Young females exhibited slightly lower plasma concentrations relative to young males. After single doses of 7.5 mg MOBIC, the mean elimination half-life was 19.5 hours for the female group as compared to 23.4 hours for the male group. At steady state, the data were similar (17.9 hours vs. 21.4 hours). This pharmacokinetic difference due to gender is likely to be of little clinical importance. There was linearity of pharmacokinetics and no appreciable difference in the Cmax or Tmax across genders.
Following a single 15 mg dose of meloxicam there was no marked difference in plasma concentrations in subjects with mild (Child-Pugh Class I) and moderate (Child-Pugh Class II) hepatic impairment compared to healthy volunteers. Protein binding of meloxicam was not affected by hepatic insufficiency. No dose adjustment is necessary in mild to moderate hepatic insufficiency. Patients with severe hepatic impairment (Child-Pugh Class III) have not been adequately studied.

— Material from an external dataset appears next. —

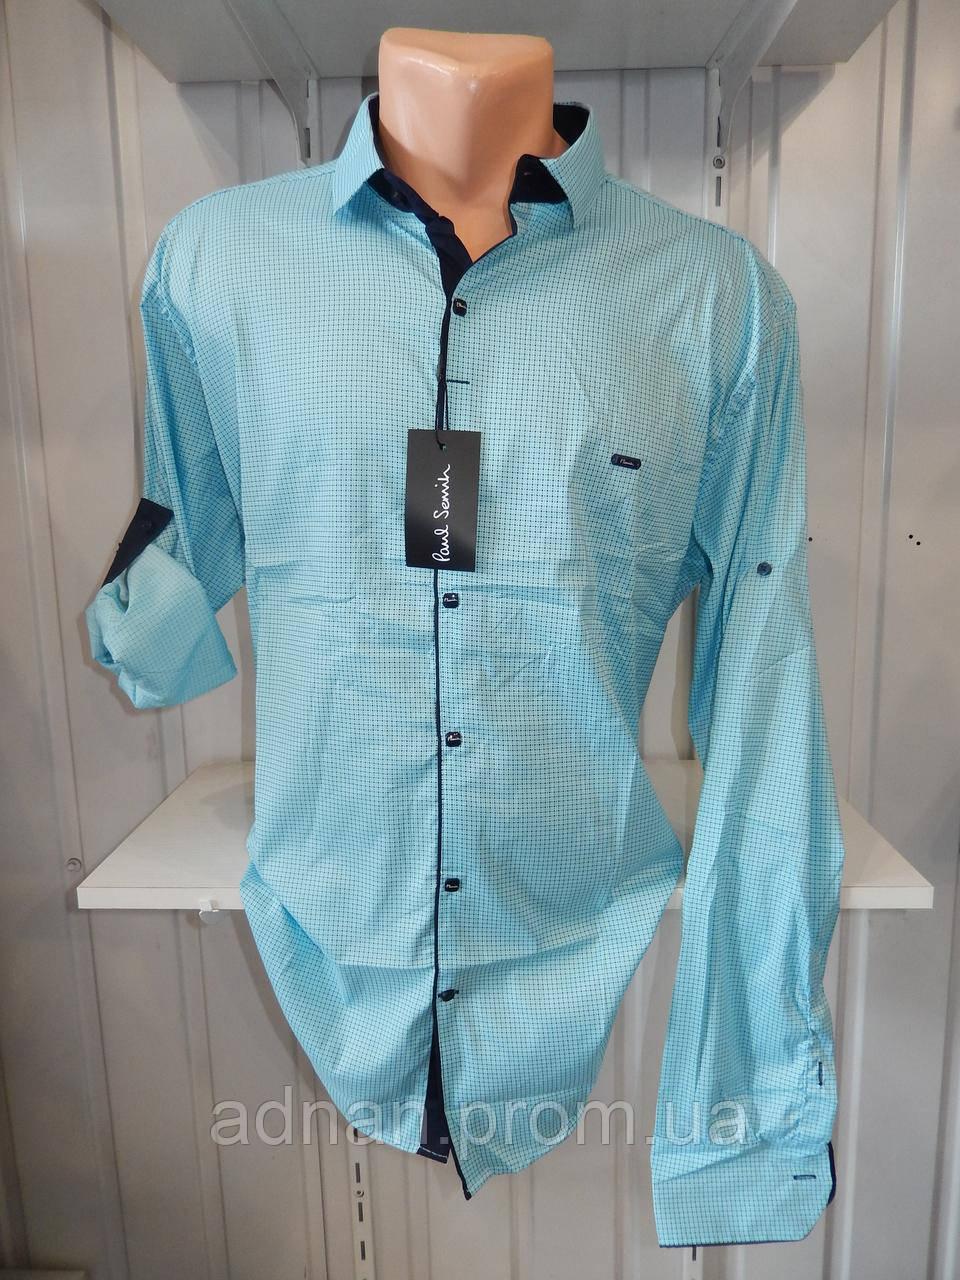 Рубашка мужская Paul Smith длинный рукав, батал, стрейч, мелкий узор №6 004 \ купить рубашку

Meloxicam pharmacokinetics have been investigated in subjects with different degrees of renal insufficiency. Total drug plasma concentrations decreased with the degree of renal impairment while free AUC values were similar. Total clearance of meloxicam increased in these patients probably due to the increase in free fraction leading to an increased metabolic clearance. There is no need for dose adjustment in patients with mild to moderate renal failure (CrCL >15 mL/min). Patients with severe renal insufficiency have not been adequately studied. The use of MOBIC tablets/oral suspension in subjects with severe renal impairment is not recommended (see WARNINGS, Advanced Renal Disease).

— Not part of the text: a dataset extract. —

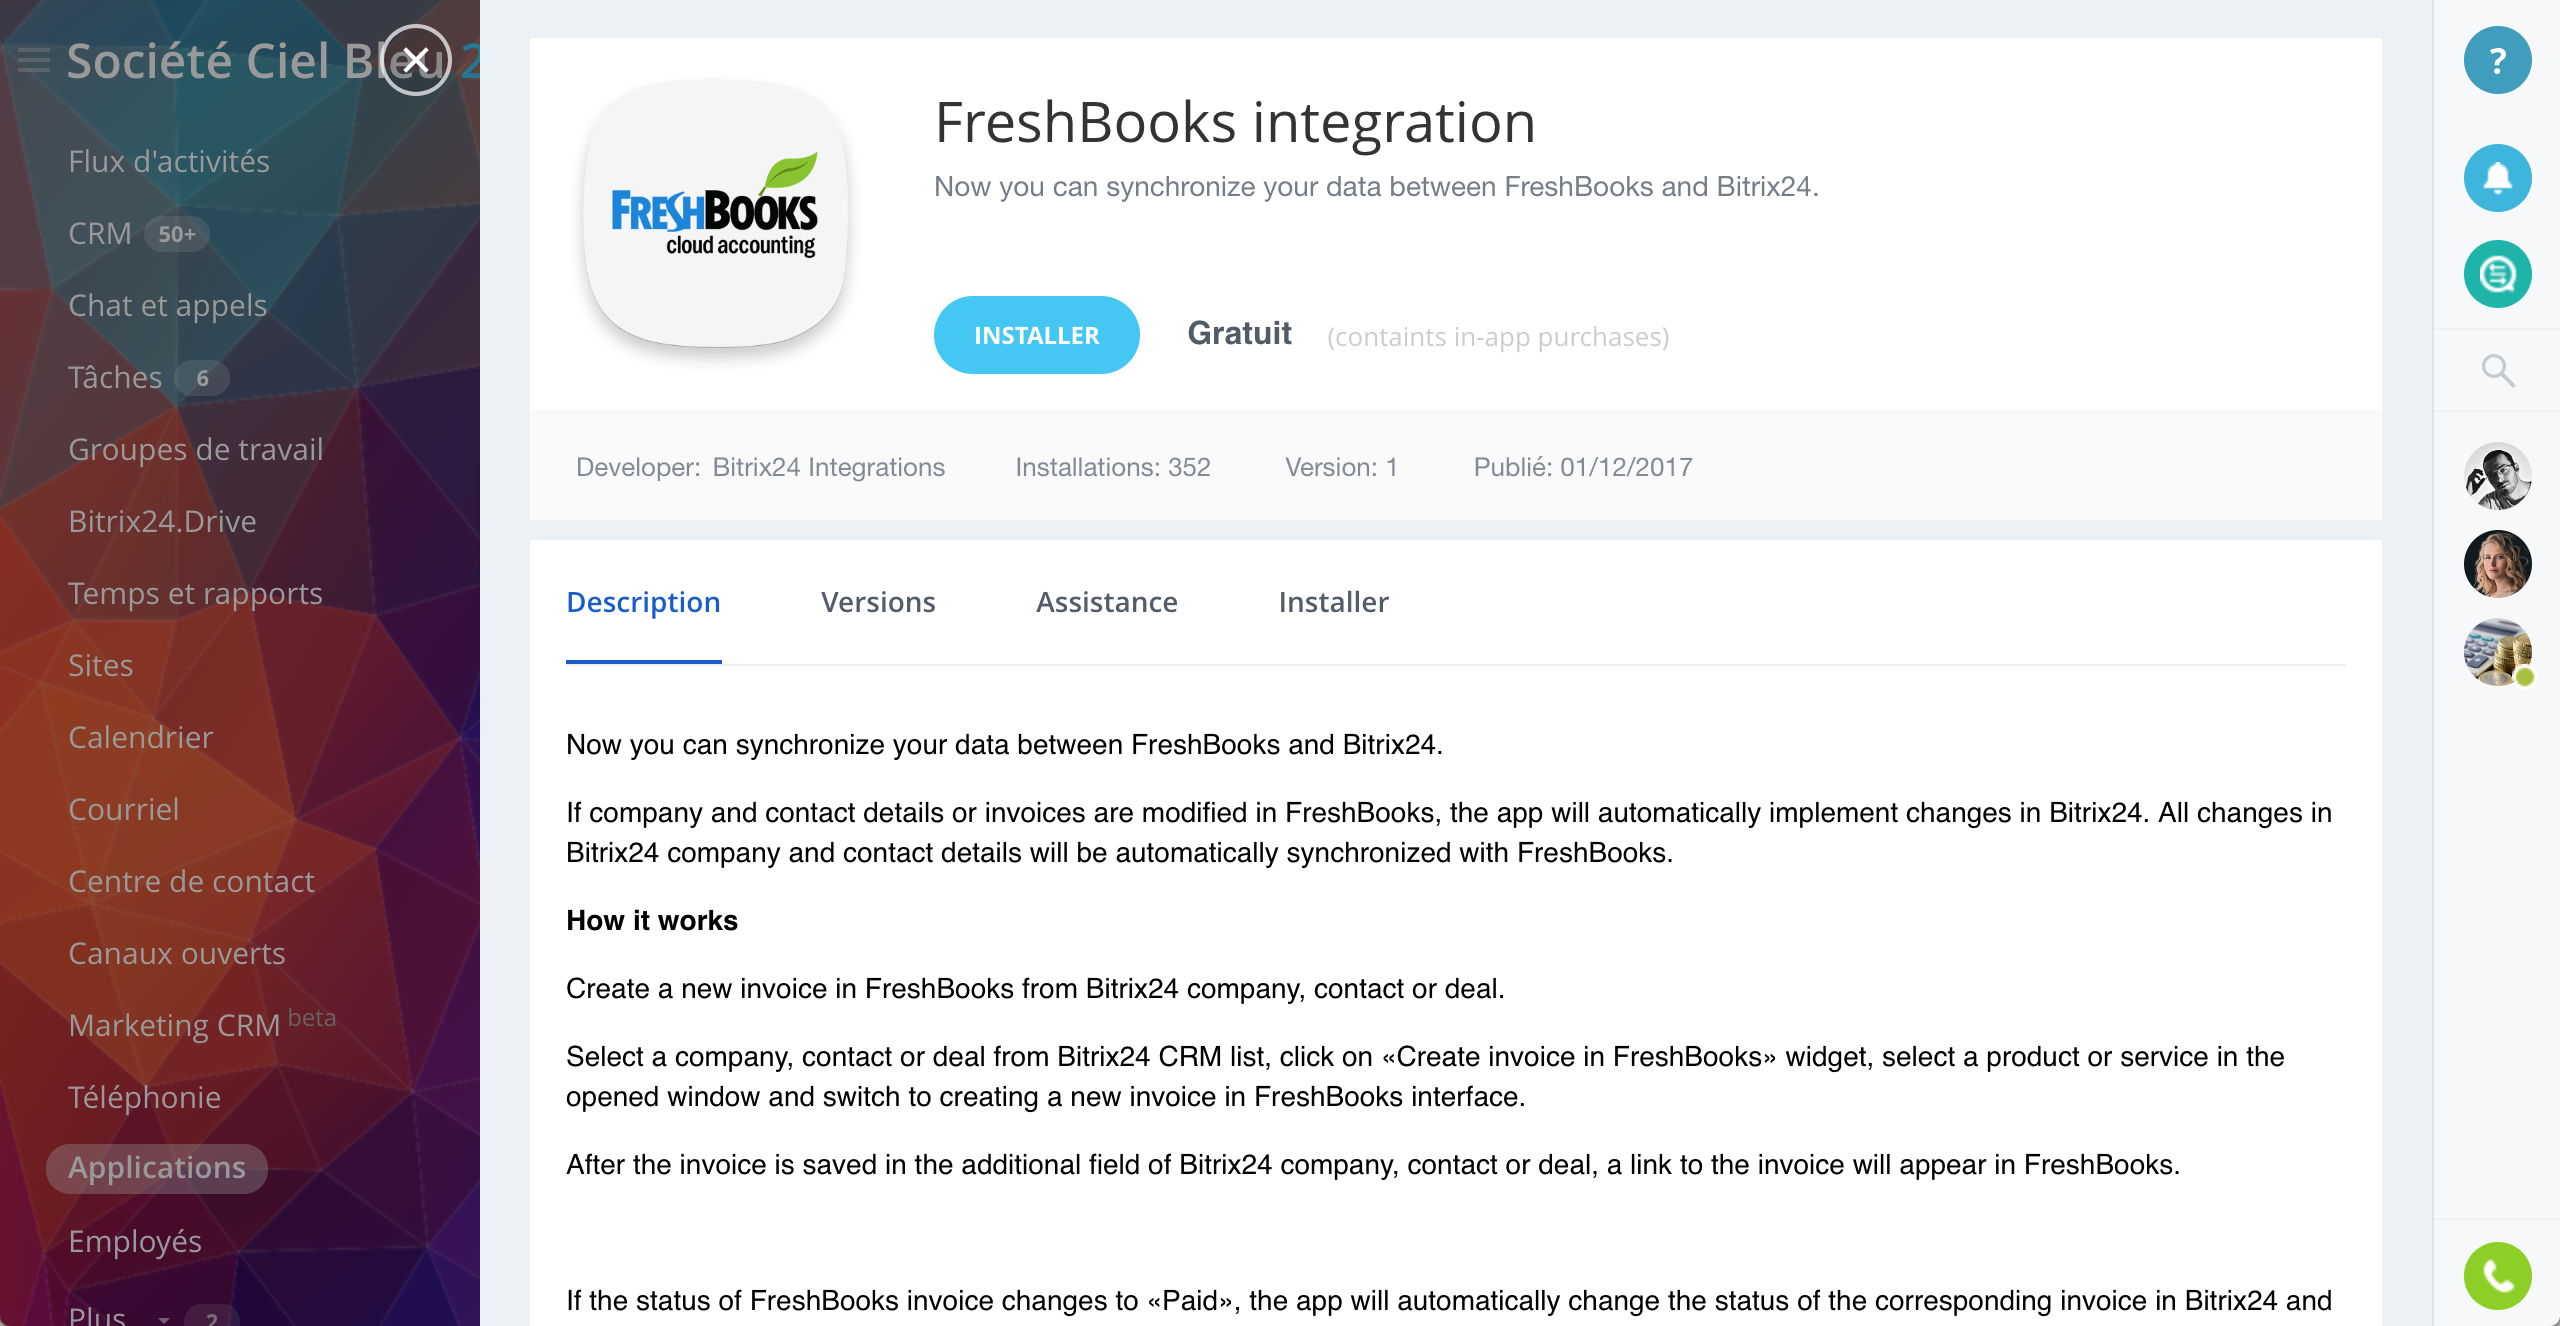 L'intégration de Freshbooks pour Bitrix24 est désormais disponible

Following a single dose of meloxicam, the free Cmax plasma concentrations were higher in patients with renal failure on chronic hemodialysis (1% free fraction) in comparison to healthy volunteers (0.3% free fraction). Hemodialysis did not lower the total drug concentration in plasma; therefore, additional doses are not necessary after hemodialysis. Meloxicam is not dialyzable.